The White House has played right into Daschle's hands by rushing in to offer yet another "compromise" stimulus package that gives the Daschle wing more concessions while receiving no apparent concessions in exchange. The administration has signaled that it is willing to pay almost any price to get a deal. In response to the administration's new offer -- more spending increases, no retroactive relief from the Alternative Minimum Tax and no acceleration of rate cuts above 25 percent -- Daschle said that such a proposal contained "the makings of a deal" but only if Republicans drop their plans to accelerate any of the income tax-rate cuts in favor of a one-month holiday from Social Security payroll tax.
The payroll tax rebates in the president's original stimulus proposal were not his preference but rather the White House staff's conception of what Daschle Democrats wanted. When it became clear that the rebate checks would take too long to send out and would be difficult to administer, Republican Sen. Pete Domenici proposed a Social Security tax holiday to replace the rebate proposal since it could be done easily and immediately.
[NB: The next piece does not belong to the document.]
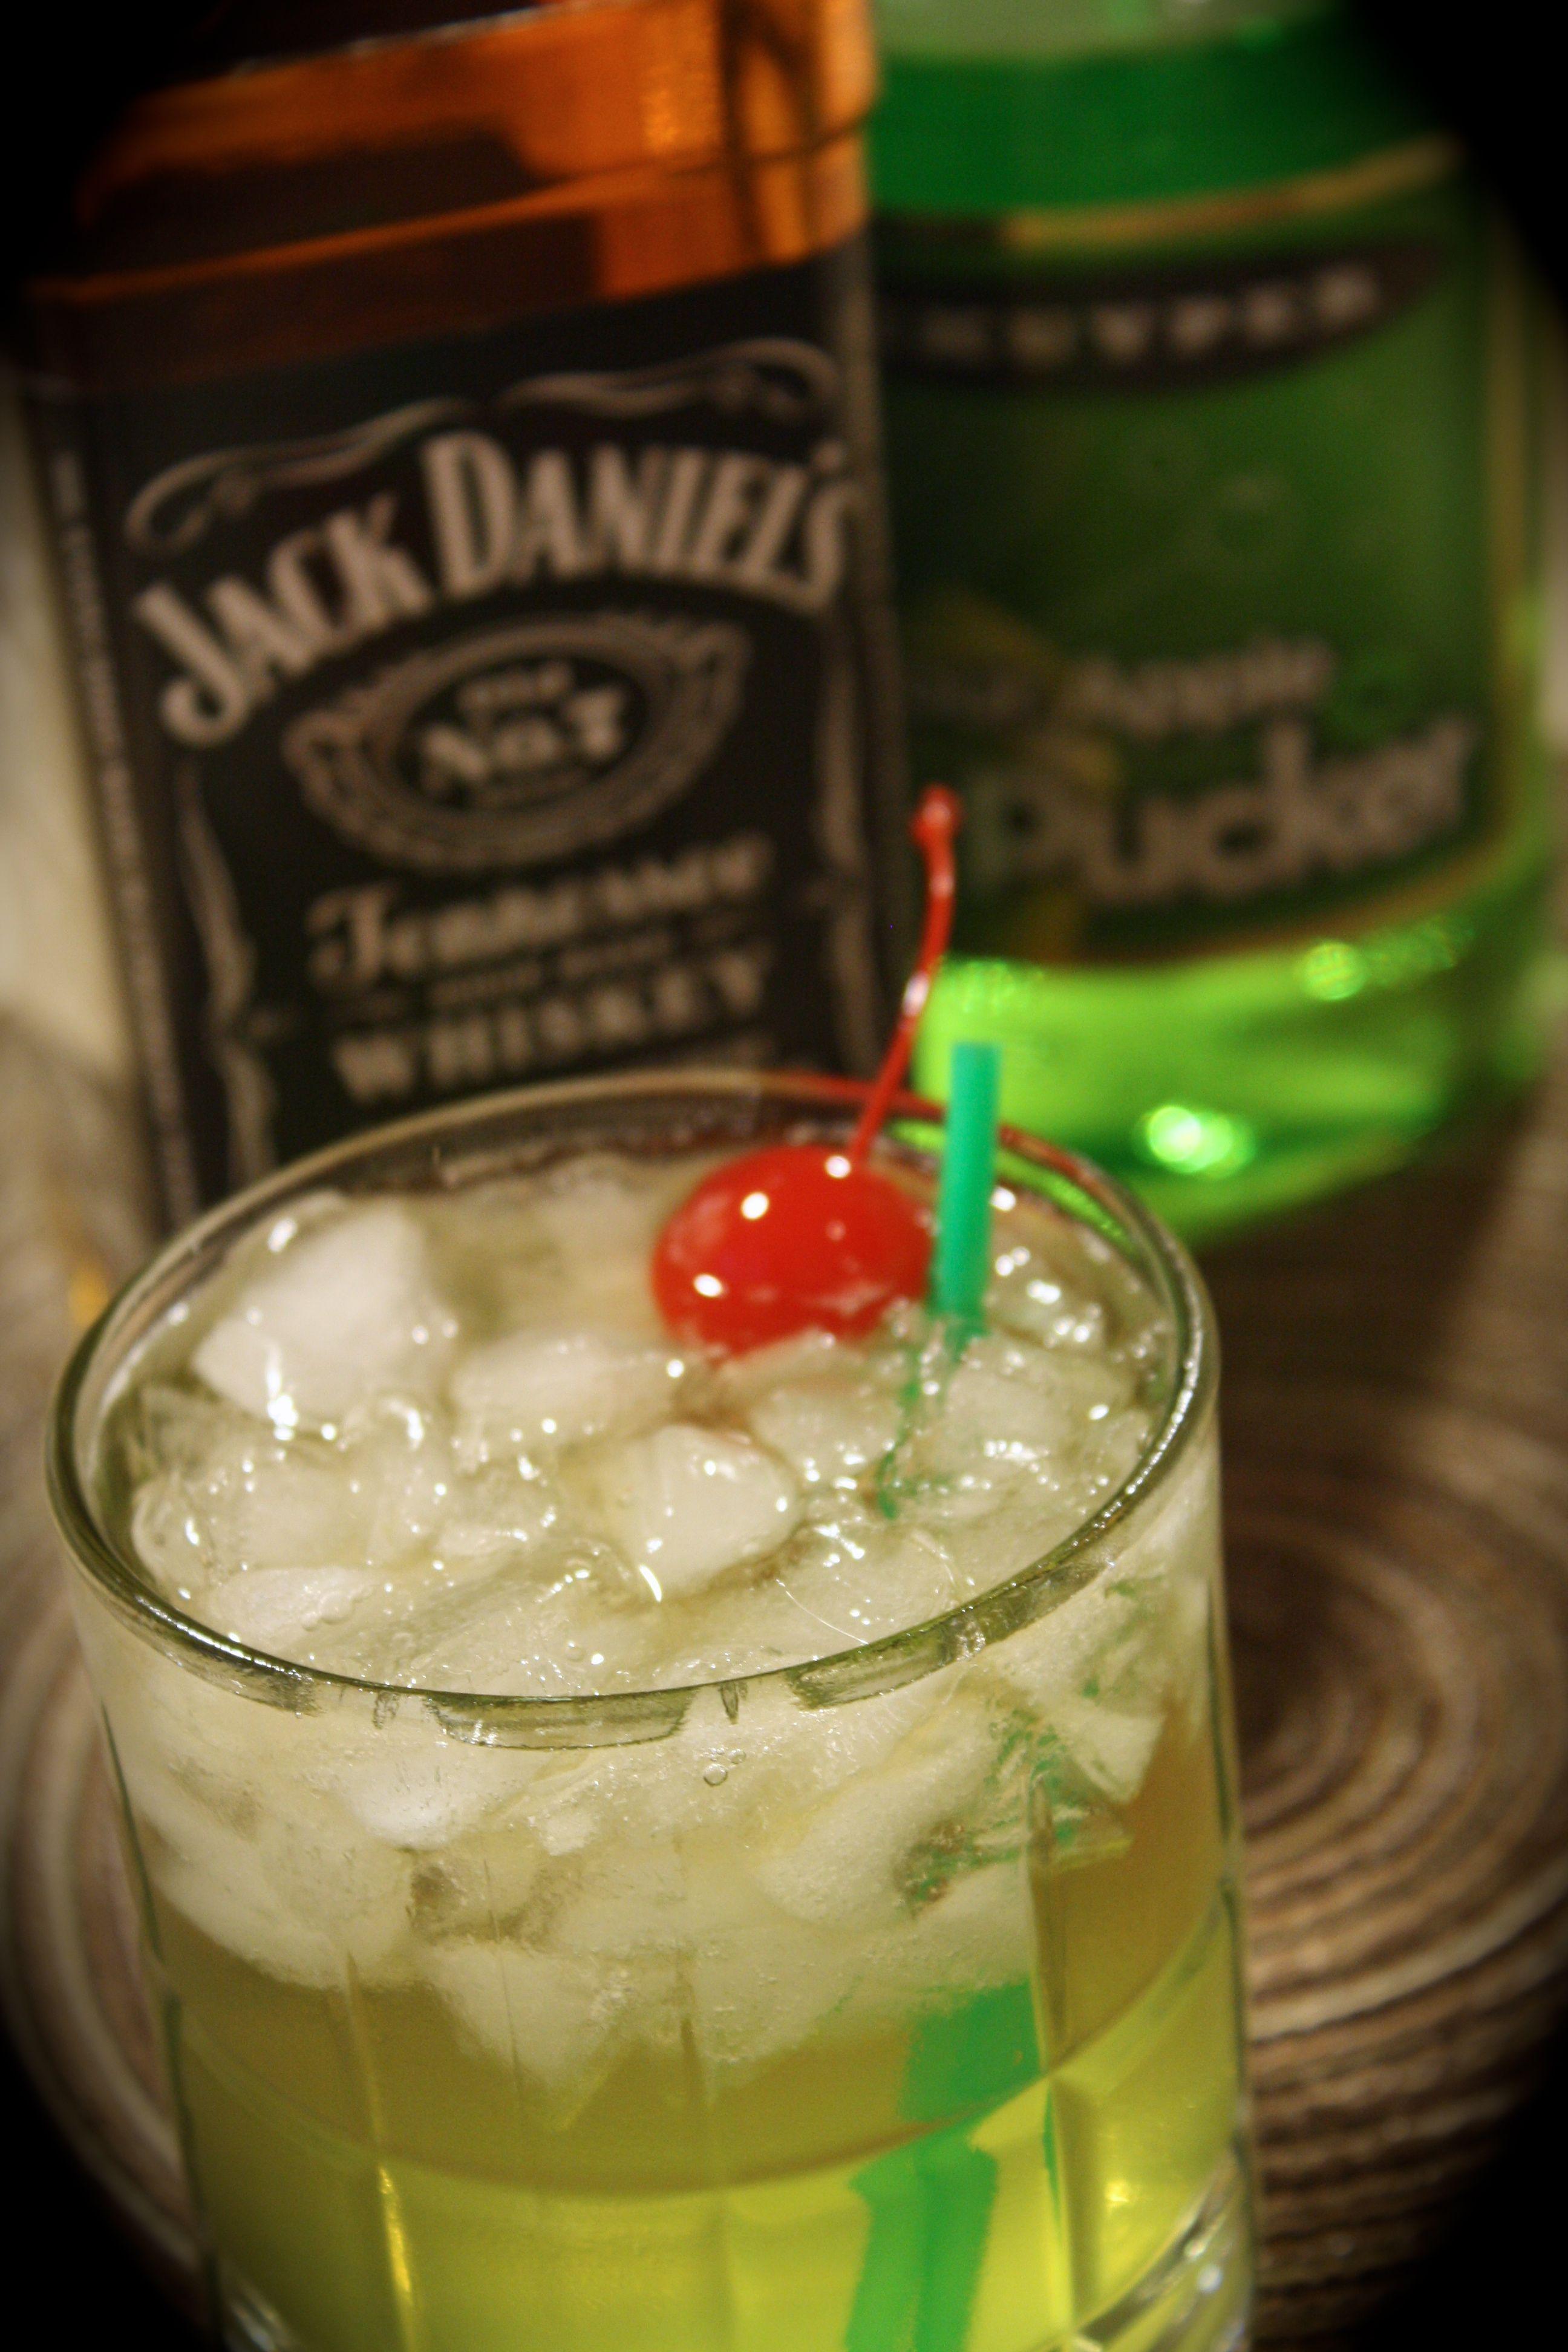 Applejack apple pucker 1oz jack daniels whiskey for Green apple mixed drinks

There was never any intention to supplant the president's proposal for accelerated tax-rate reductions with a Social Security tax holiday.
The administration has offered three major compromises since early October, while the Democrats have obstinately refused to budge. First, the president agreed to send a letter to Capitol Hill requesting an increase in discretionary spending almost three times what he felt necessary, which the Democrats accepted and promptly demanded more.
Then, after extensive "pre-negotiation" with Hill Democrats, the president put a stimulus package on the table that did not reflect his most preferred policies but rather included proposals administration officials believed the Daschle wing of the Democratic Party would accept -- such as more rebate checks and higher spending on entitlement programs -- and excluded proposals they thought the Democrats would reject, such as capital gains tax-rate reductions. Wrong again. Rather than crafting a bill that could pass the Senate and then negotiating a compromise between it, the president's proposal and the House bill, Daschle has continually used his position of power to prevent a Senate bipartisan majority from passing a bill.
Daschle is the obstacle to a real "growth" initiative. He is prepared to continue raising the ante on Bush until the administration demonstrates that it is perfectly willing to take no bill rather than sign a bad bill into law. By rushing in prematurely with this third compromise, the administration has only whetted Daschle's appetite for more concessions rather than producing willingness on his part to compromise.
Daschle has the chutzpa to demand that any bill be able to garner two-thirds support from Senate Democrats, which means Bush would have to give up virtually every remaining component from his package that he holds dear. The president now must let Daschle know he is through compromising. It is time for the left to yield or else have an increasingly bad stimulus bill vetoed and take the case for "growth" to the American people in 2002.